◆ STORED DATA:

——————————

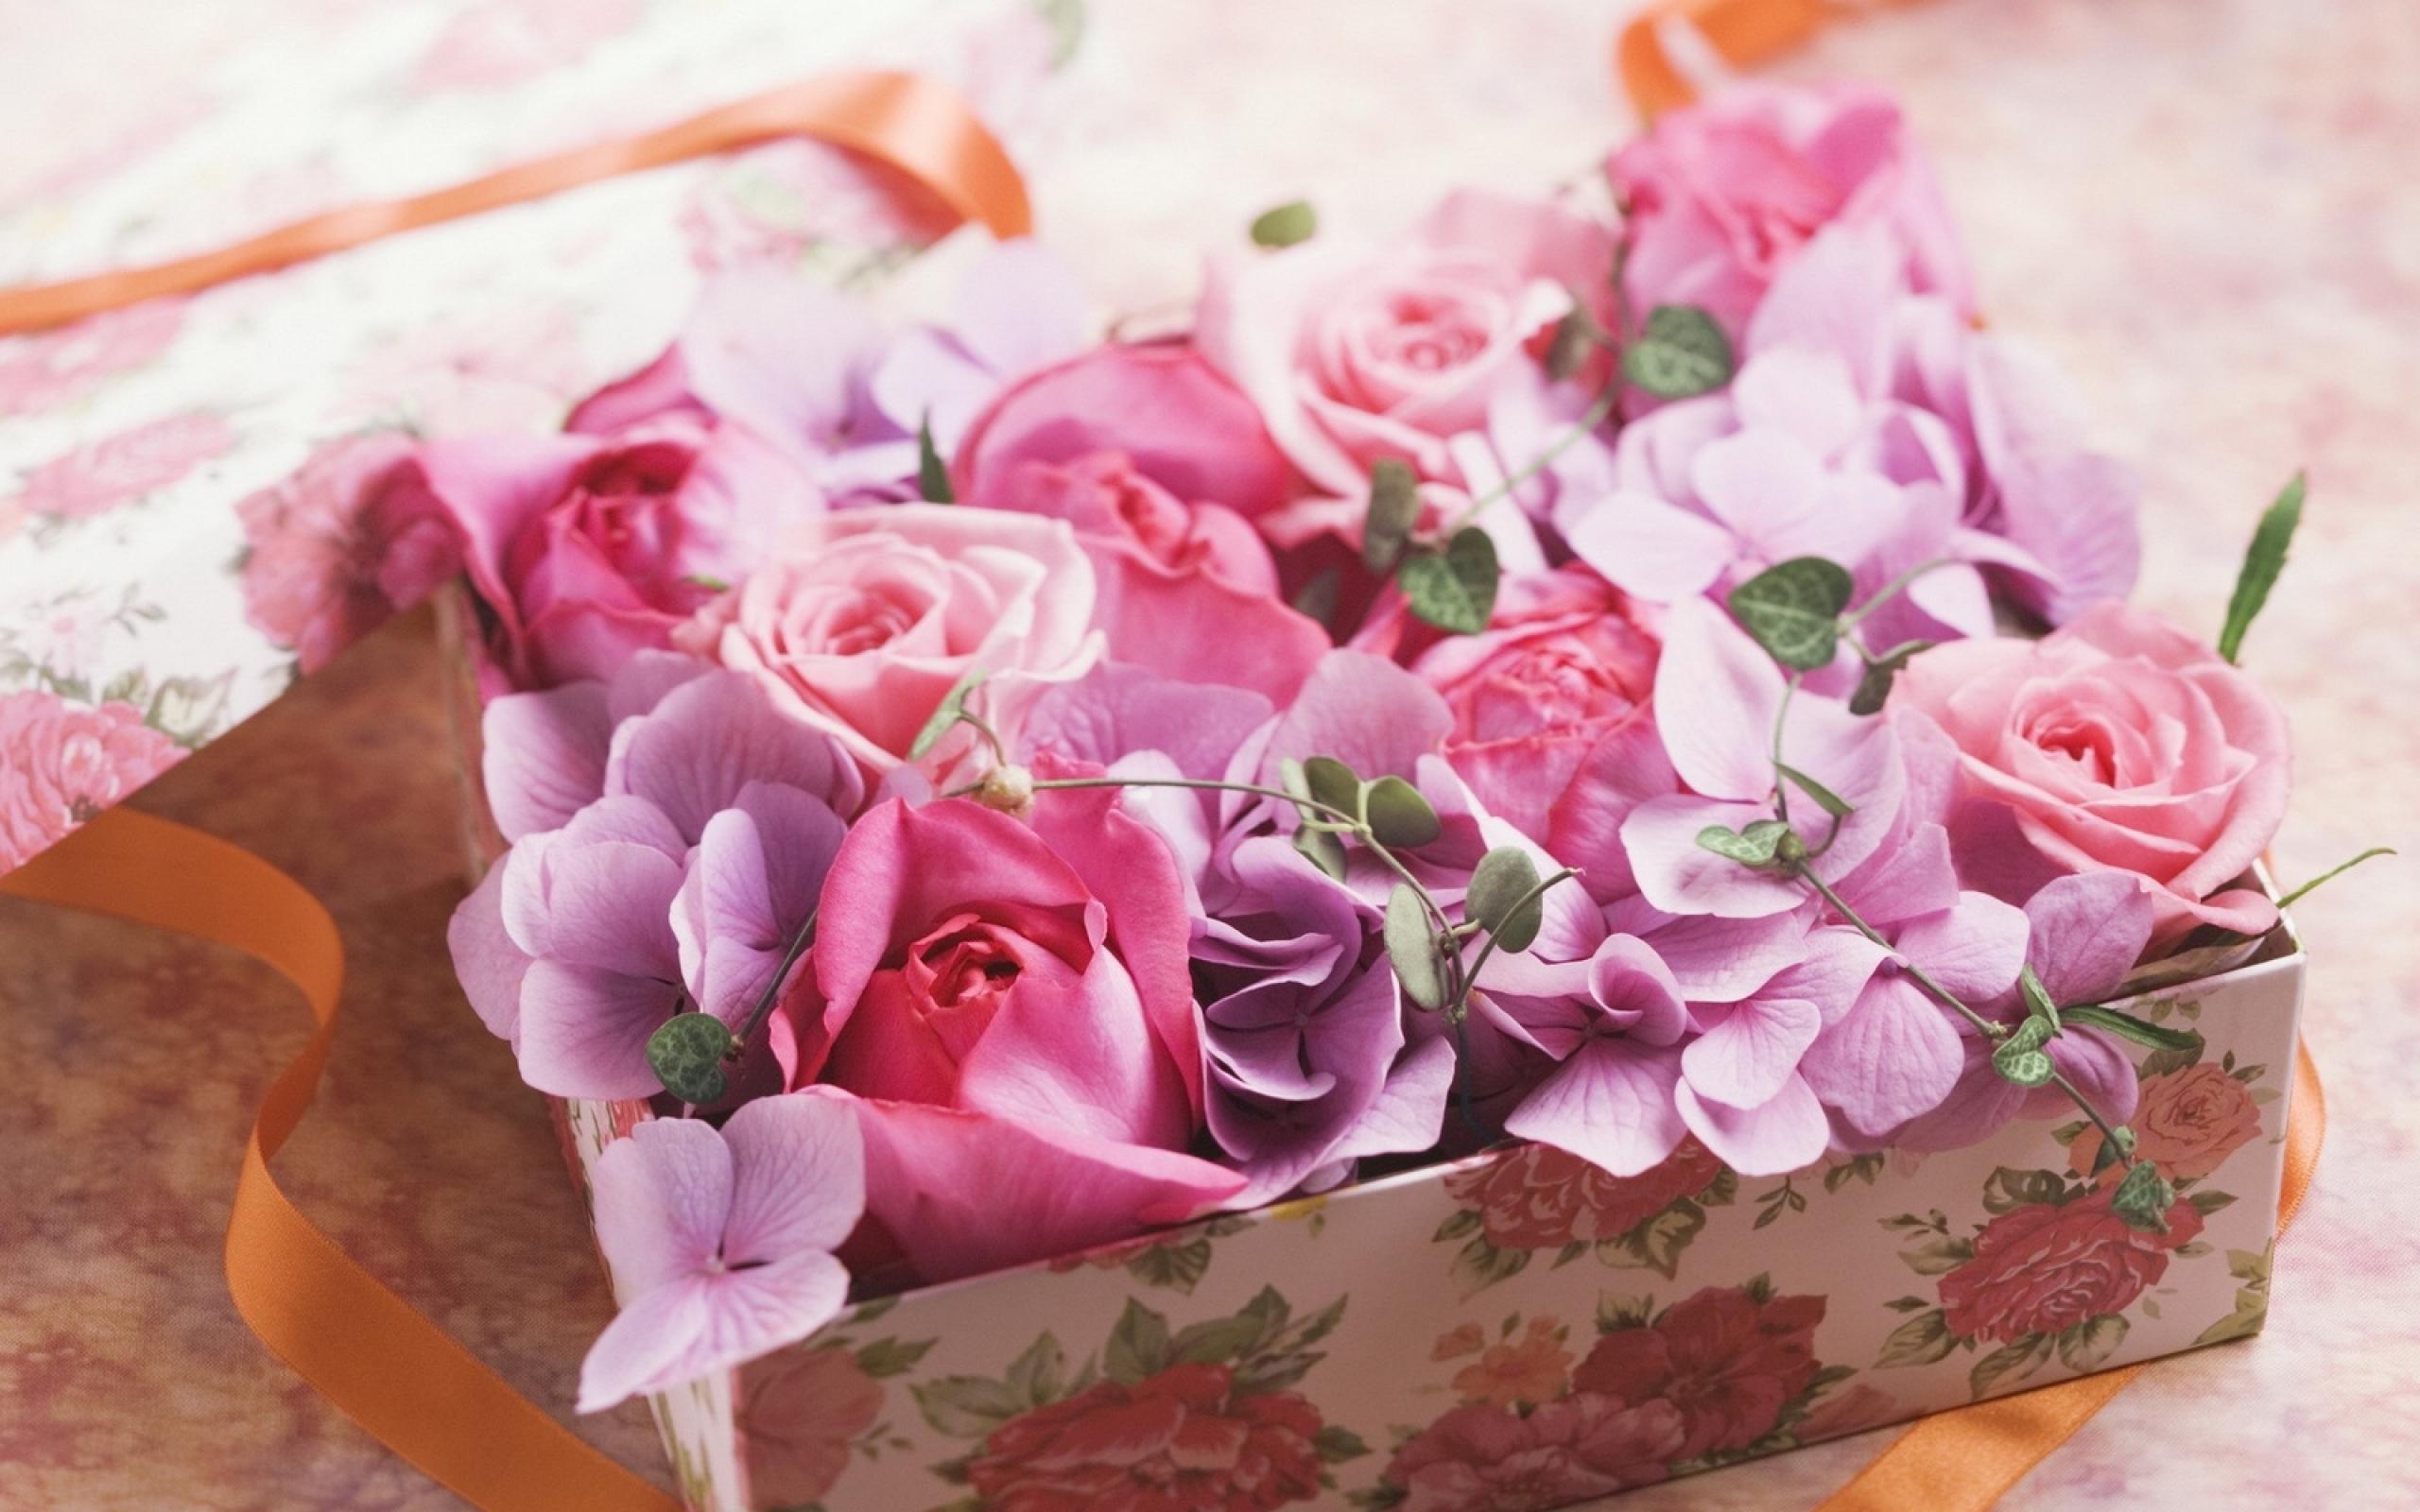 цветы для день рождения подарок картинка брусчаткой улица красивыми
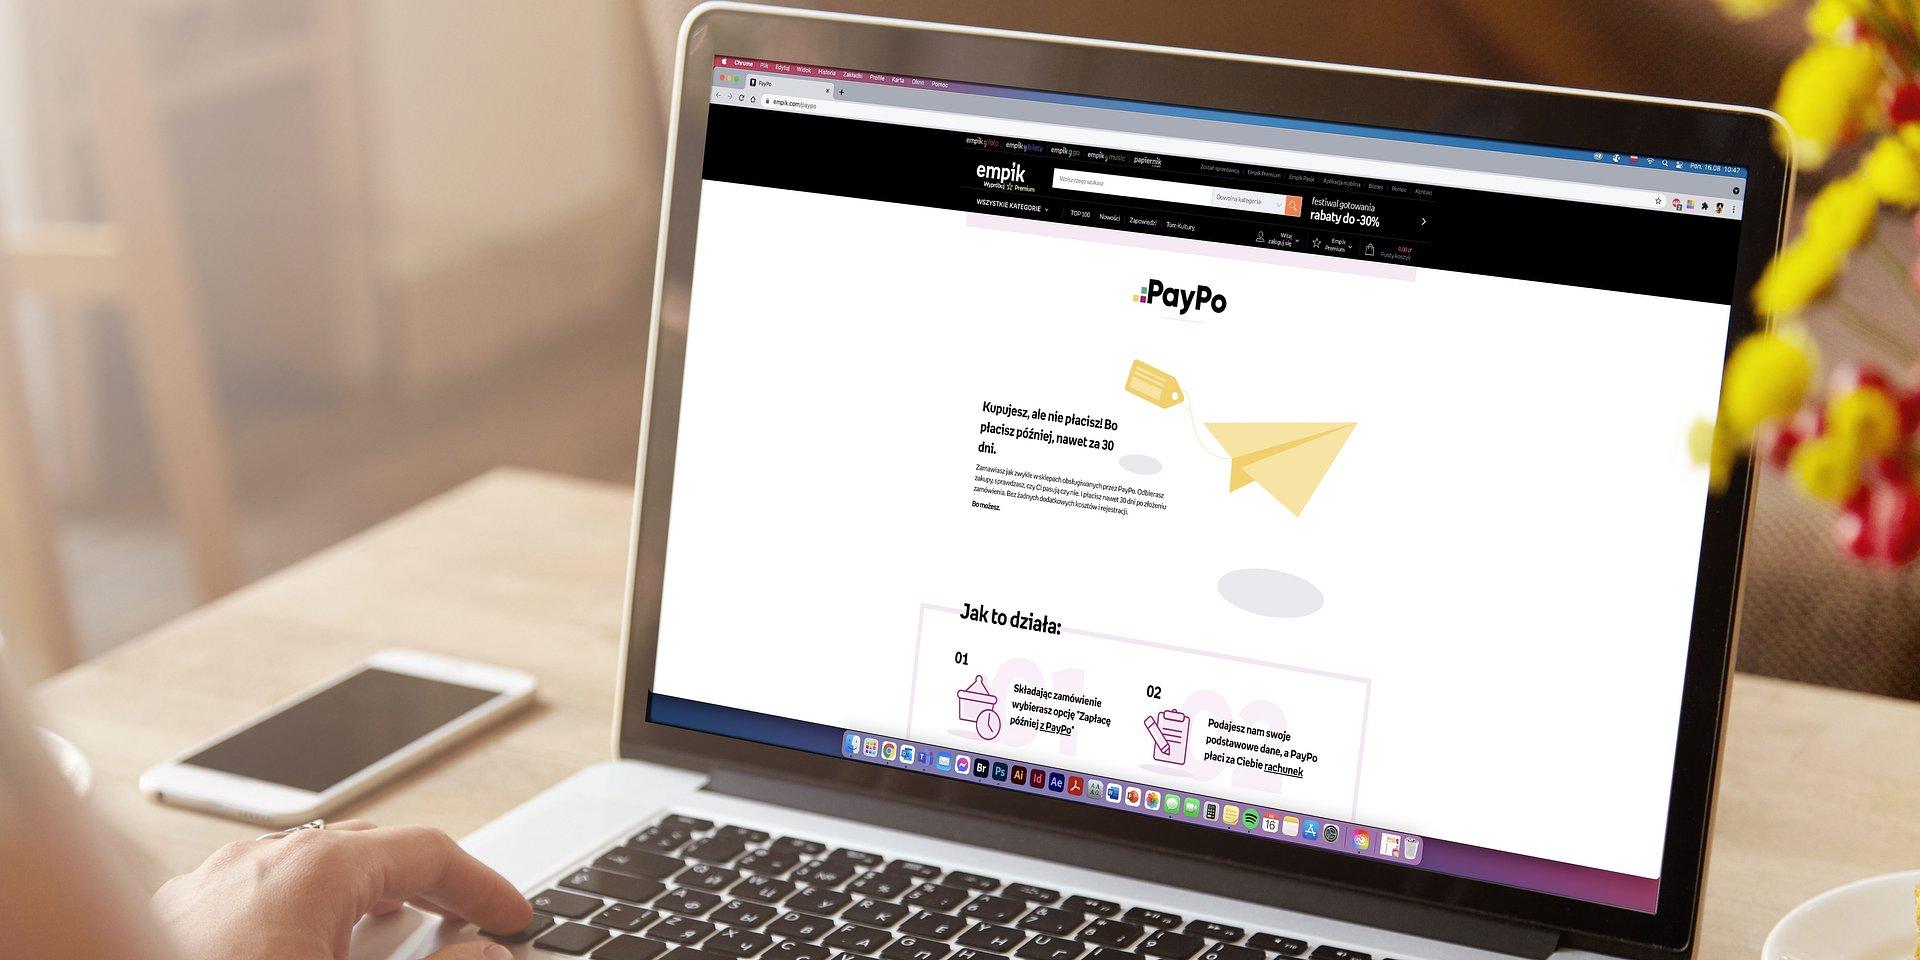 Empik.com udostępnia klientom odroczone płatności PayPo
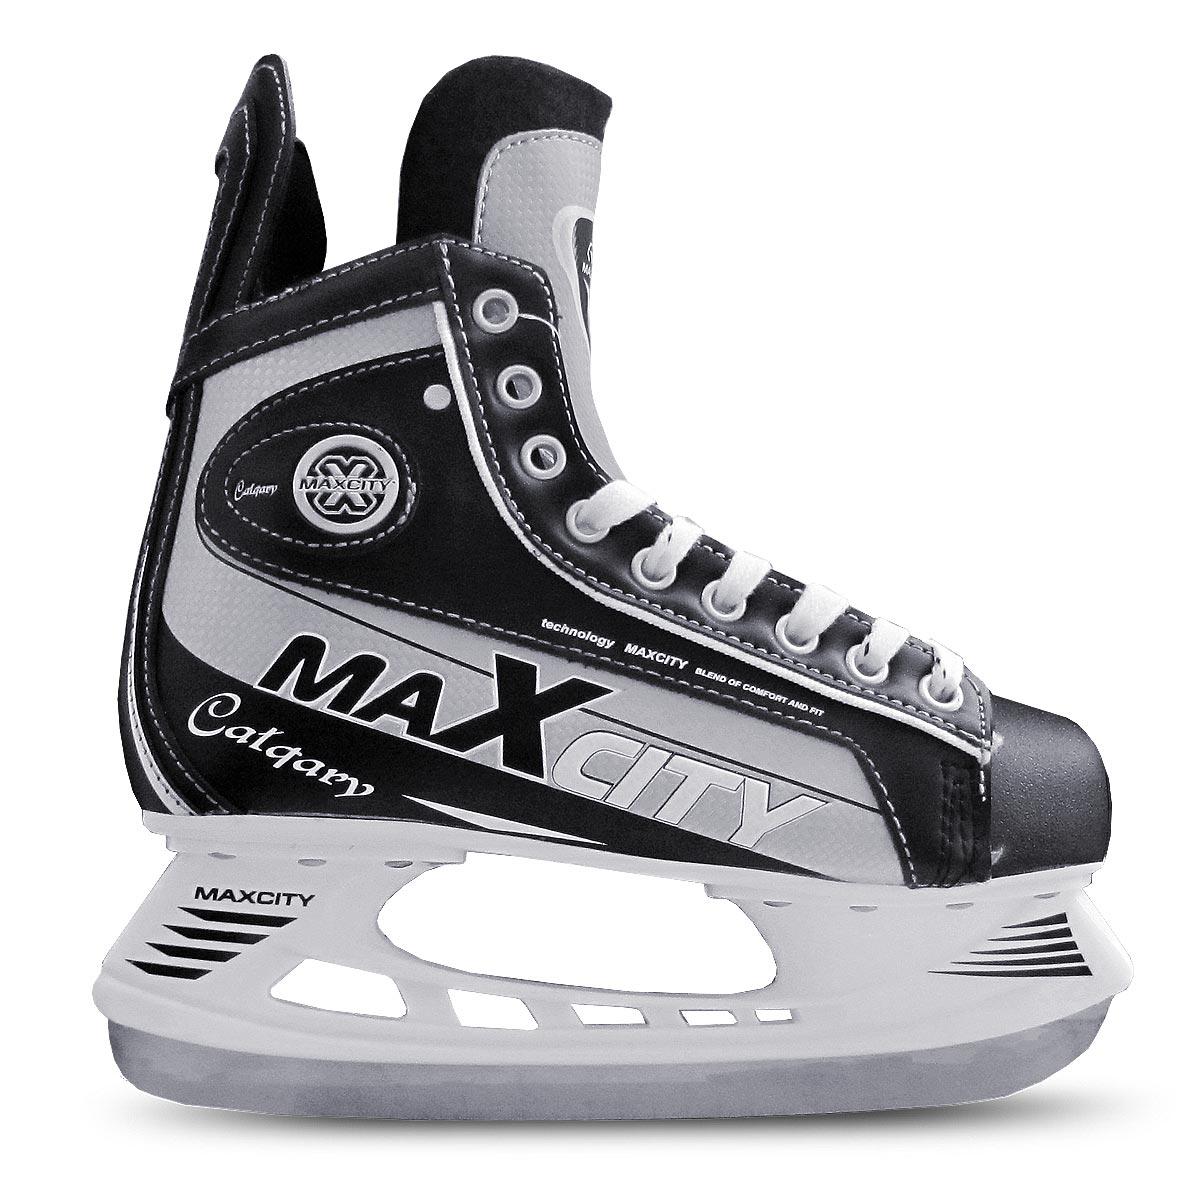 Коньки хоккейные мужские MaxCity Calgary, цвет: черный, серый. Размер 45
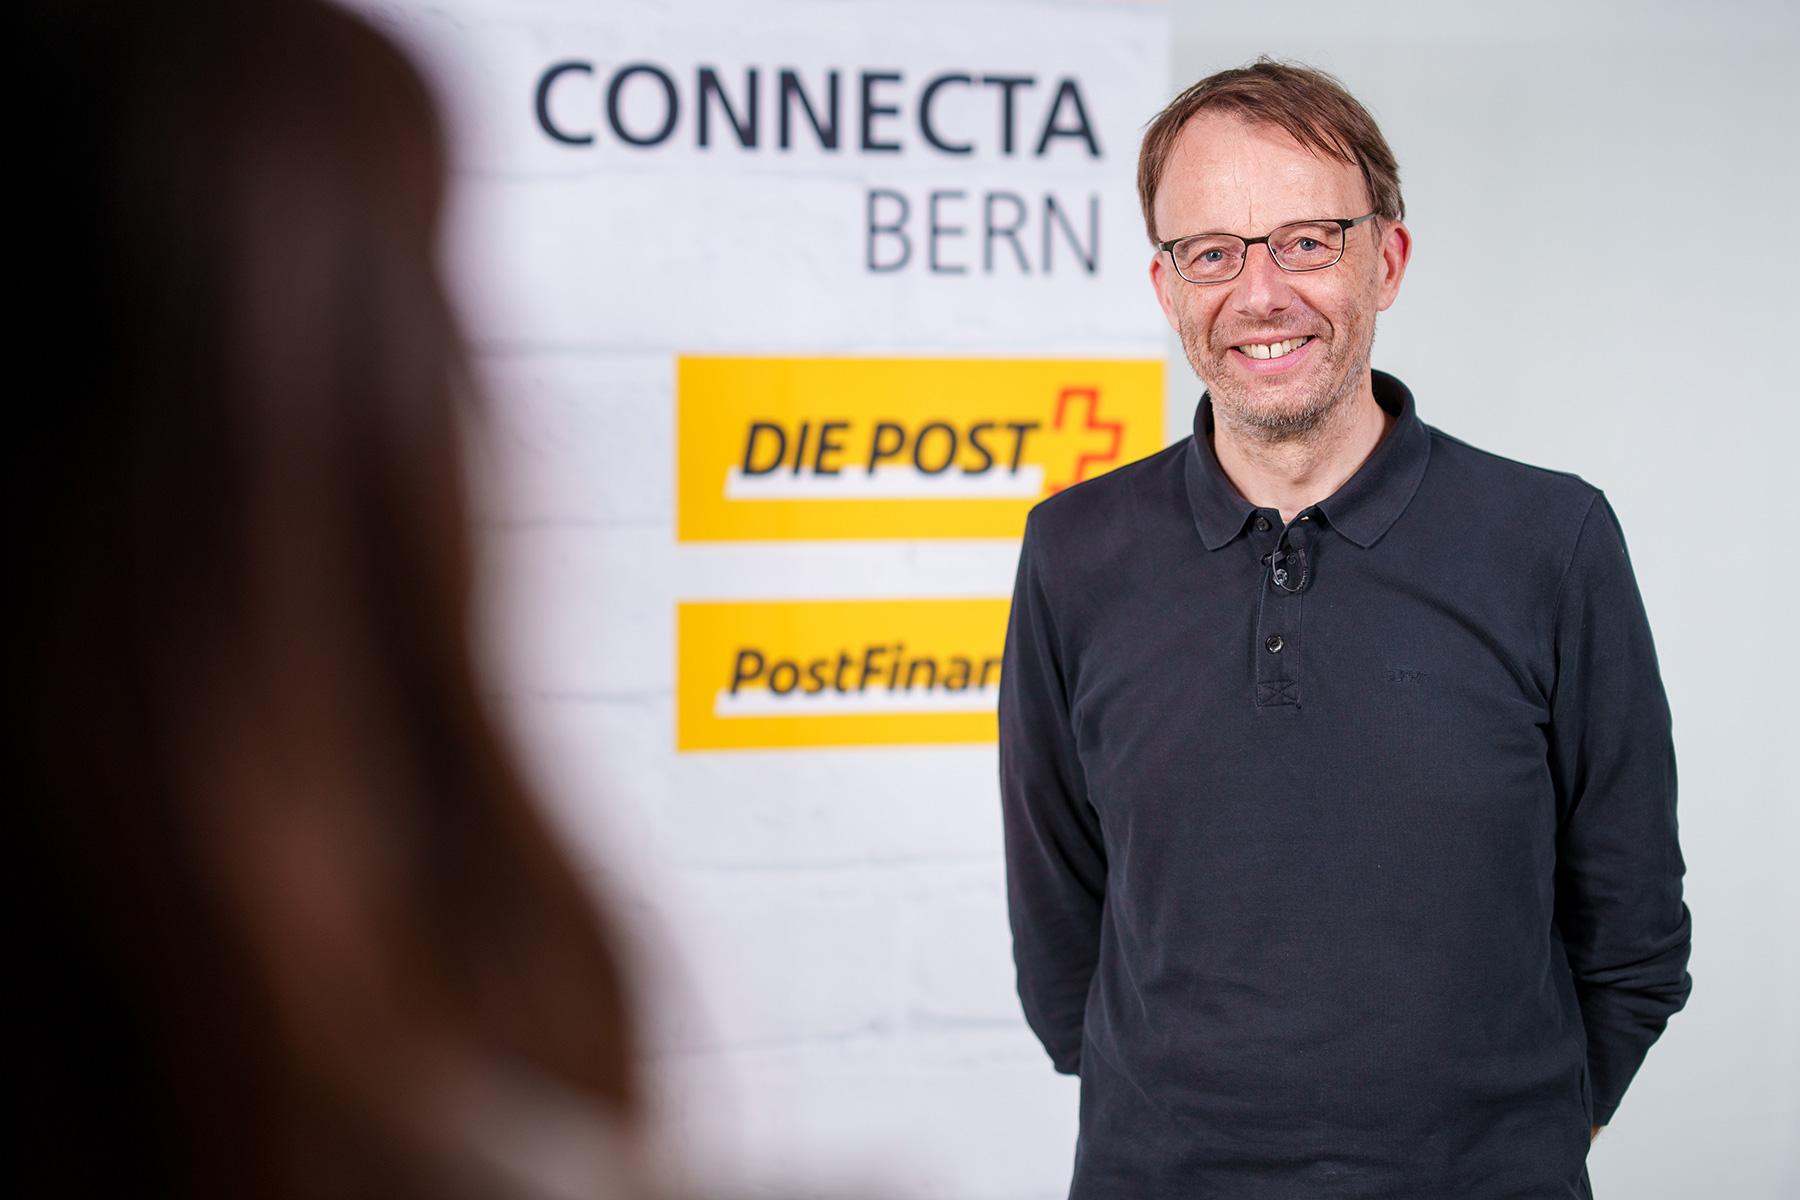 Der Weg zur Kundenzentrierung – Connecta Talk mit Jan-Erik Baars

——————————

◆ TO DO: For this step, transcribe all the material above exactly and drop the images.

◆ FINISHED TASK:
 цветы для день рождения подарок картинка брусчаткой улица красивыми
 Empik.com udostępnia klientom odroczone płatności PayPo
 Коньки хоккейные мужские MaxCity Calgary, цвет: черный, серый. Размер 45
 Der Weg zur Kundenzentrierung – Connecta Talk mit Jan-Erik Baars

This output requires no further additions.